While social scientists, certain activists and lawyers, and even federal judges appear willing to upset this balance of nature and in the process deny the very essence of our created beings as man and woman, they do so at the peril of society and the common good.

And to be clear, the state is not preventing anyone from forming a same-sex relationship, living with a same-sex partner, or even engaging in perverse sexual acts with a person of the same sex.  See, e.g., Lawrence v. Texas, 539 U.S. 558, 563 (2003) (striking down on due process grounds a Texas sodomy statute which made it a misdemeanor for a person to “engage[] in deviate sexual intercourse with another individual of the same sex” and thus reversing the convictions of two men who were observed by police officers engaging in anal sexual intercourse).  People remain “free” to engage in all sorts of sexually deviant behavior.  That “privacy” interest is not at issue.  See generally id.

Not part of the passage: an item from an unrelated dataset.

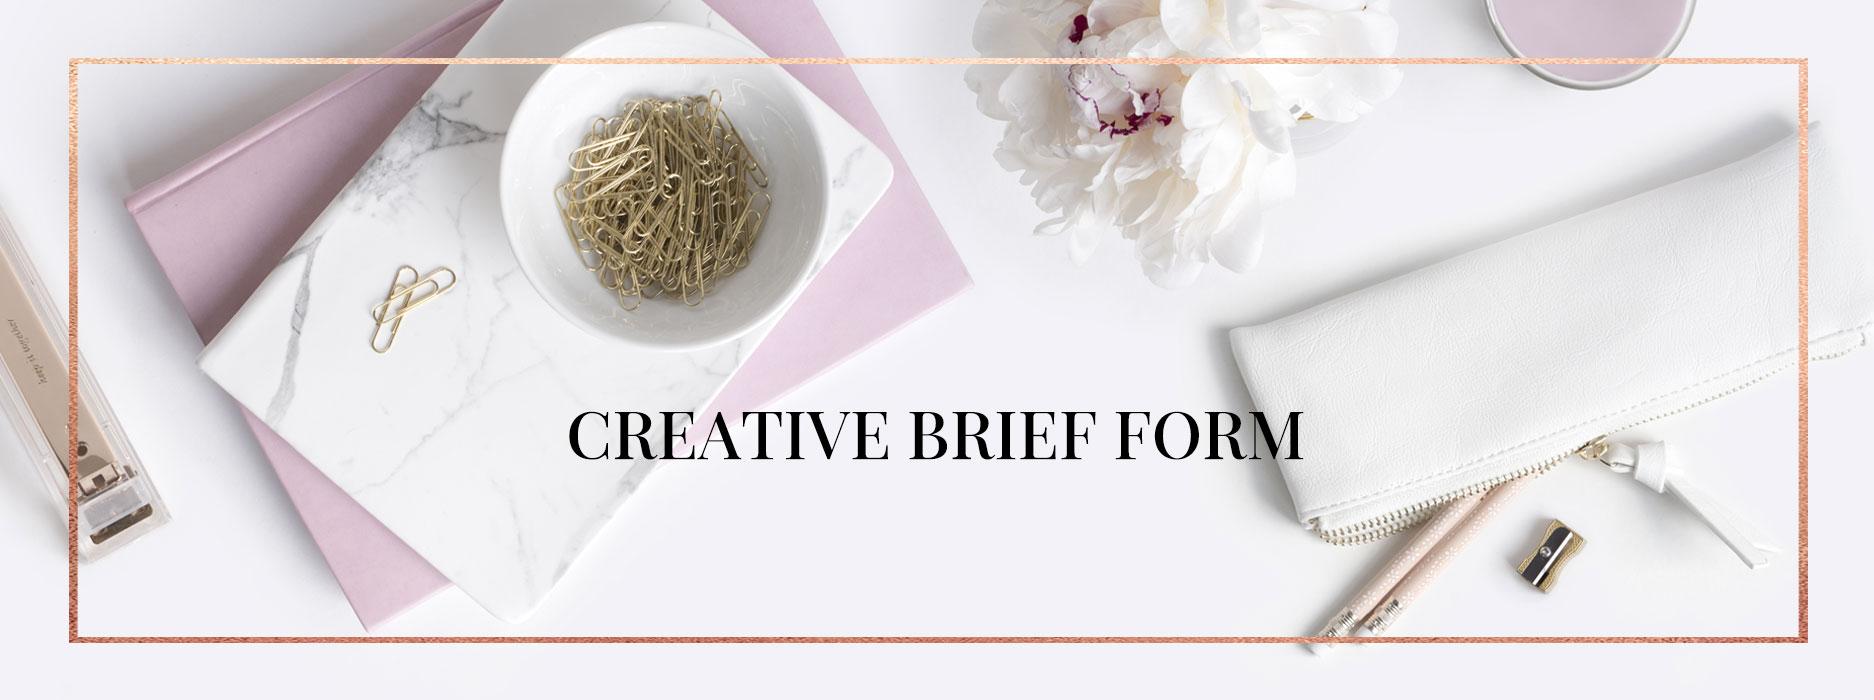 creative brief form

What the state (through its people) is not going to do, however, is sanction and thus validate that same-sex relationship as a “marriage” as a matter of law.  Nor should it be forced to do so by a federal court, any more than it should be forced to sanction as valid incestuous relationships, relationships between adults and minors, or bigamous relationships, among others.

As AFLC warned:

If the Court is going to disregard the natural law and force a state to sanction same-sex relationships there is no principled way to limit that holding.  Lawrence, 539 U.S. at 590 (Scalia, J., dissenting) (observing that “the Court makes no effort to cabin the scope of its decision to exclude” laws prohibiting, for example, bigamy, adult incest, or bestiality).

AFLC summarized its argument as follows:

 Michigan has a rational basis for defining marriage as a relationship between one man and one woman, and that basis is biology.  The awareness of the biological reality and self-evident truth that couples of the same sex do not have children in the same way as couples of opposite sexes satisfies rational basis review, and, in fact, satisfies a heightened level of scrutiny under the Fourteenth Amendment.  Indeed, it is without doubt a proper exercise of Michigan’s sovereign authority within our federal system to resolve this public policy issue by preserving the longstanding and traditional definition of marriage as a matter of state law.  Therefore, Michigan is not required to license a marriage between two people of the same sex, and it would improper for this Court to conclude otherwise.